= Beginning of Section =

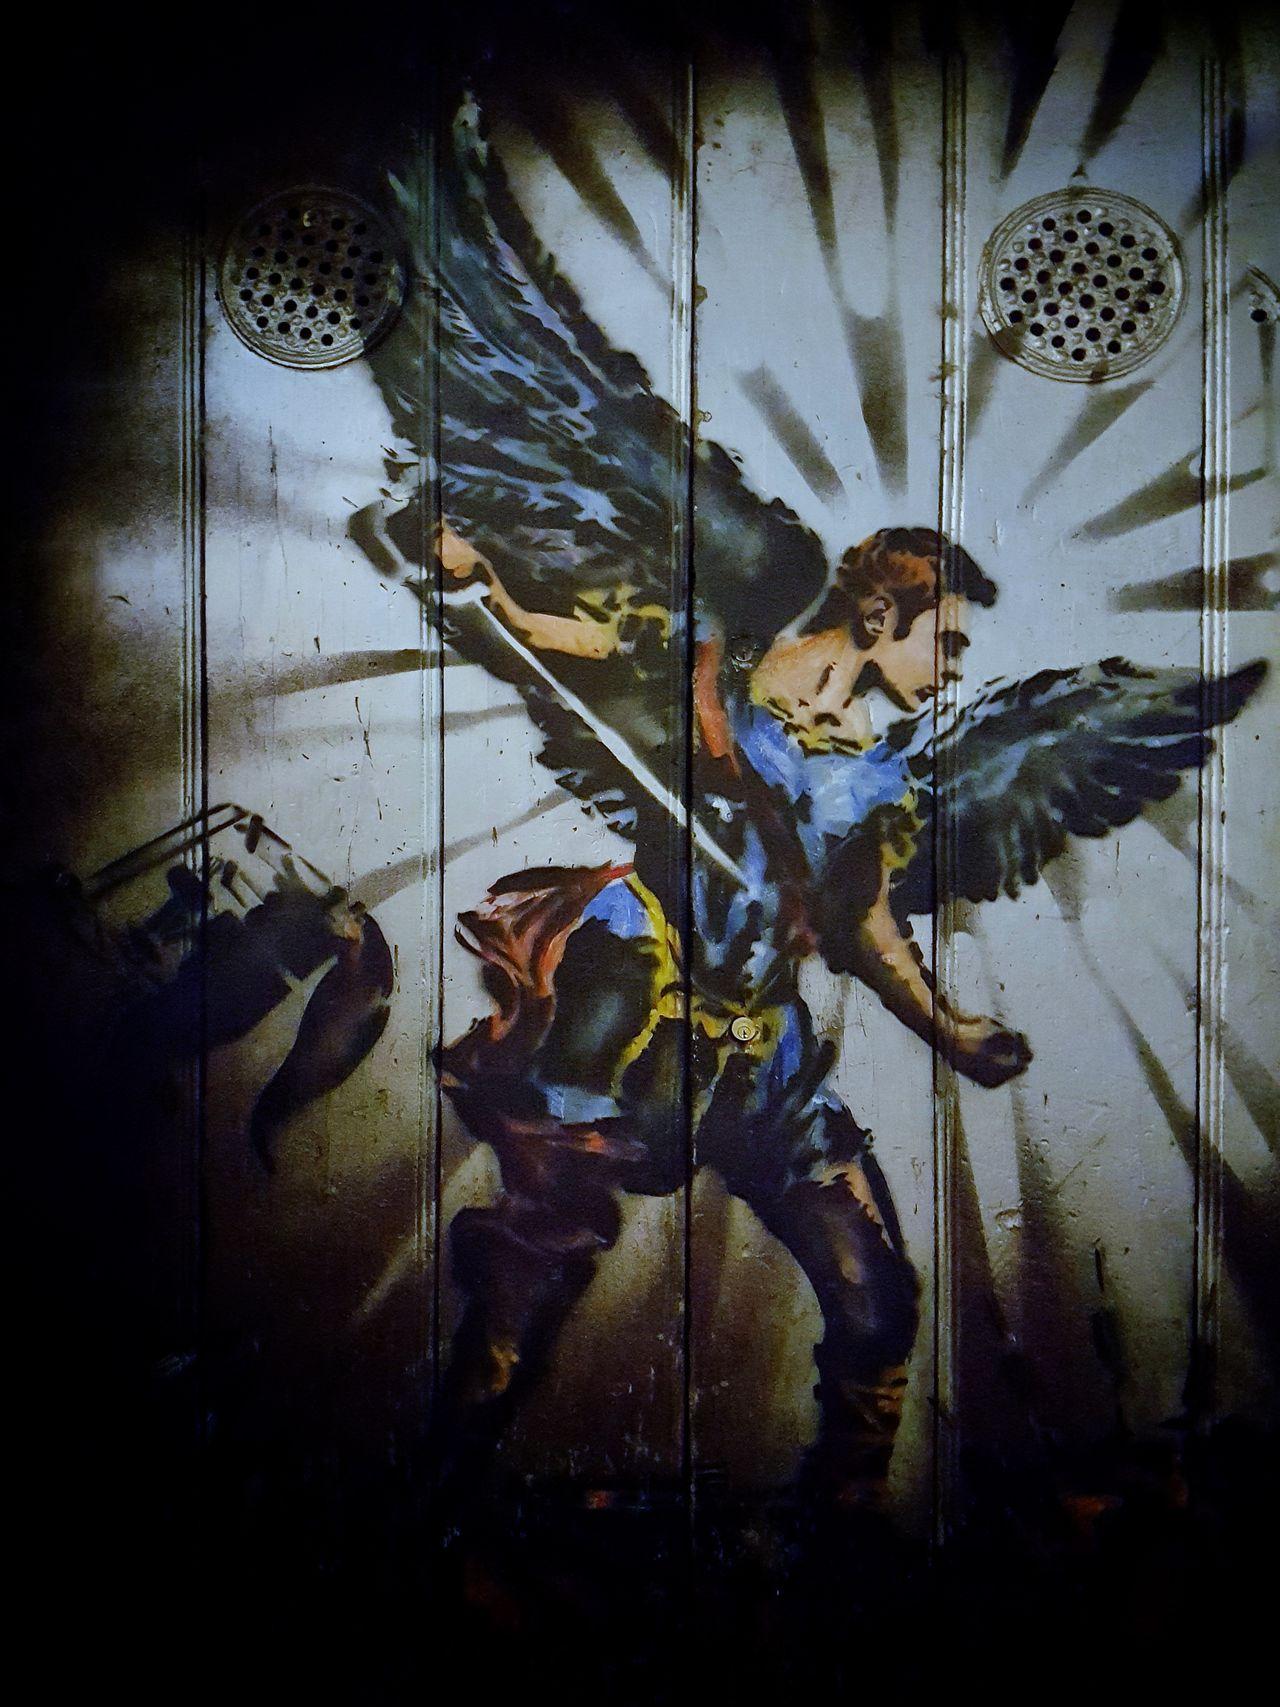 Arcangel Gabriel fighting, bringing light to the darkness Arcangel Gabriel Miguel Angel Fight Sword Light Faith Draw Dramatic Amazing
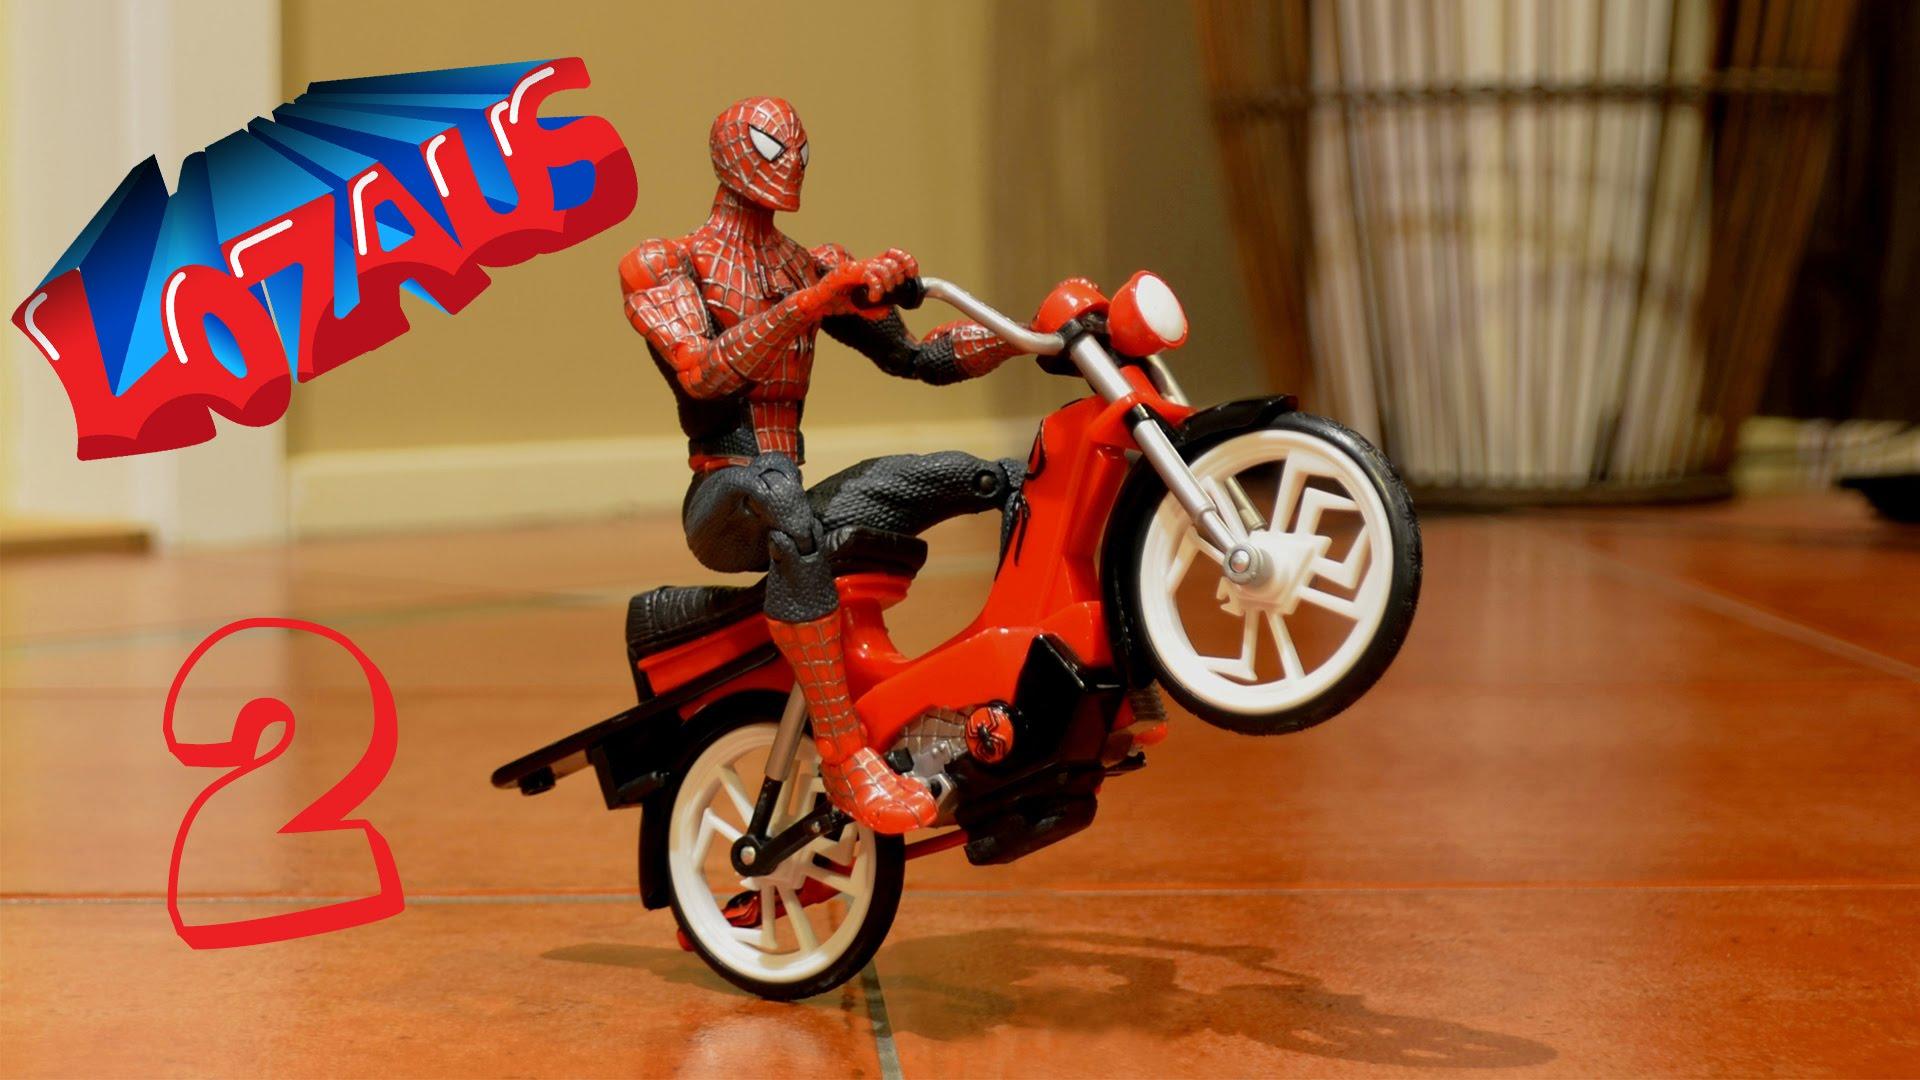 spiderman moto video
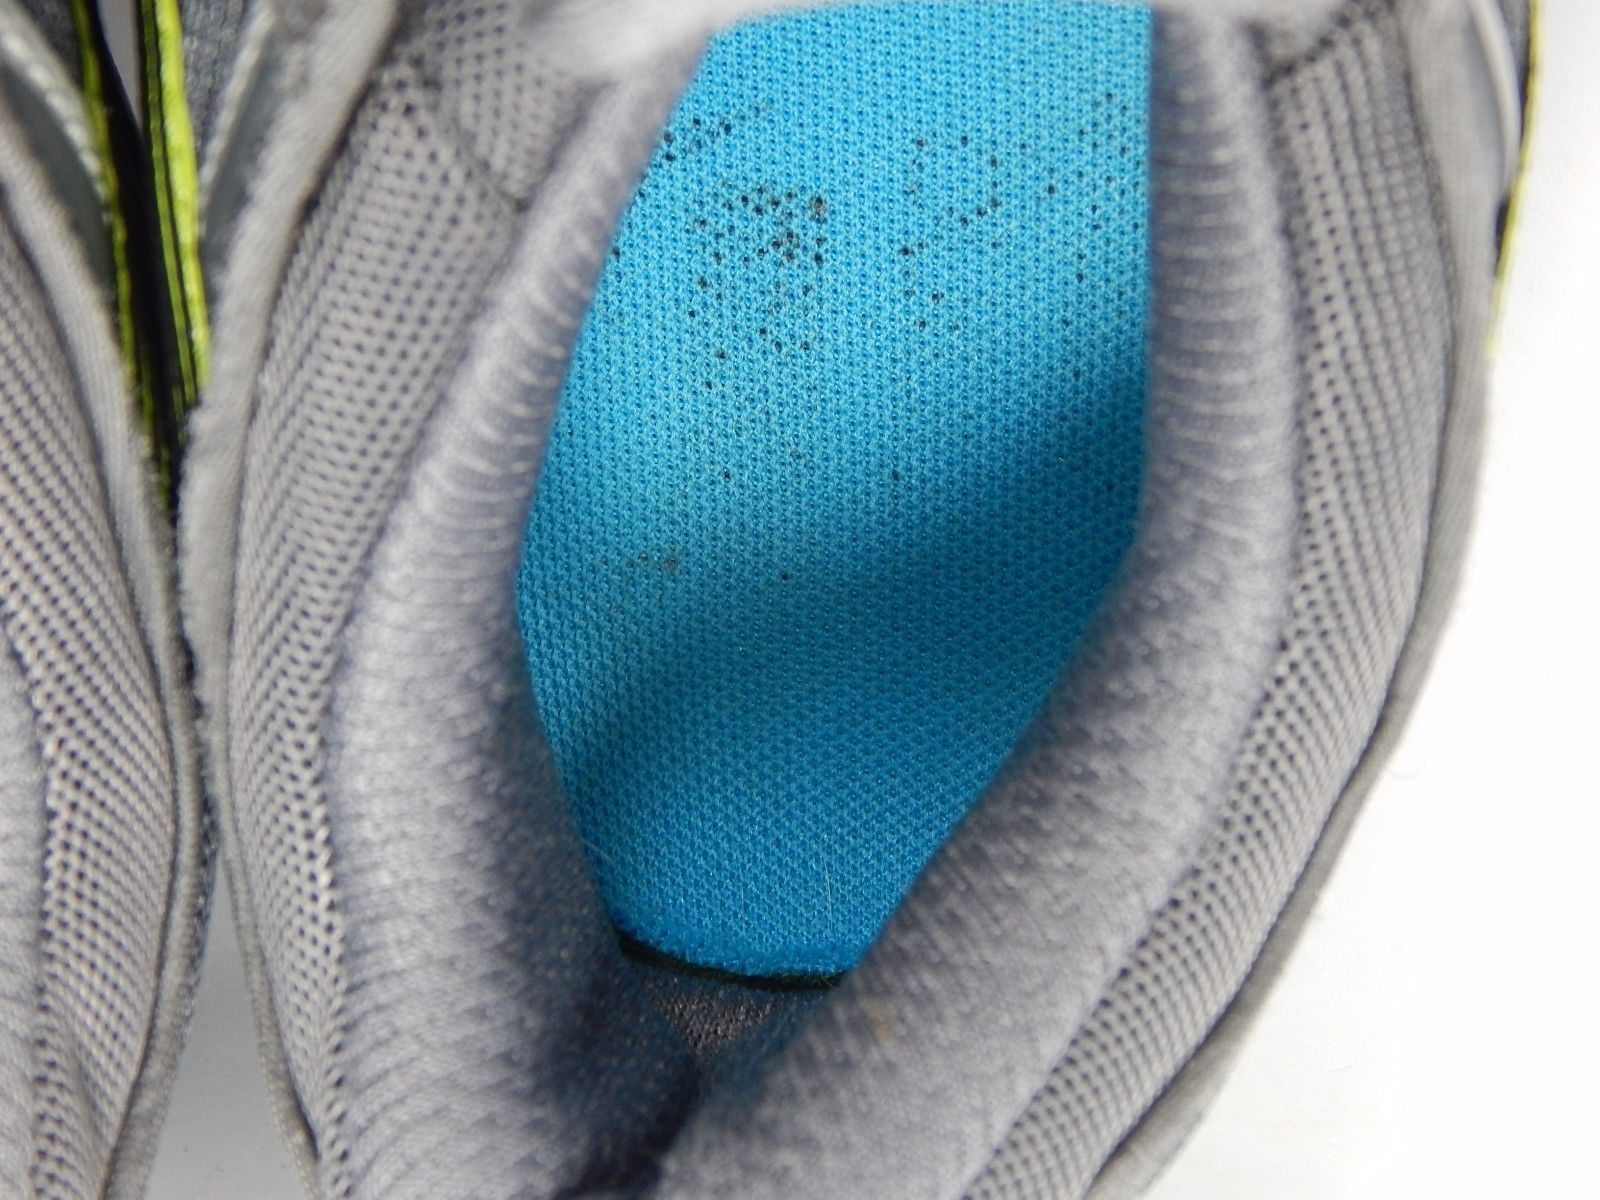 Puma Voltaic 3 Women's Running Shoes Size US 9 M (B) EU 40 Gray Green

= End of Section =

_TASK TO CARRY OUT_:
Exact copy, pictures omitted: every line from the one holding "spiderman moto video" through the last line of the data above, and nothing else.

_RESULT_:
 spiderman moto video
 Puma Voltaic 3 Women's Running Shoes Size US 9 M (B) EU 40 Gray Green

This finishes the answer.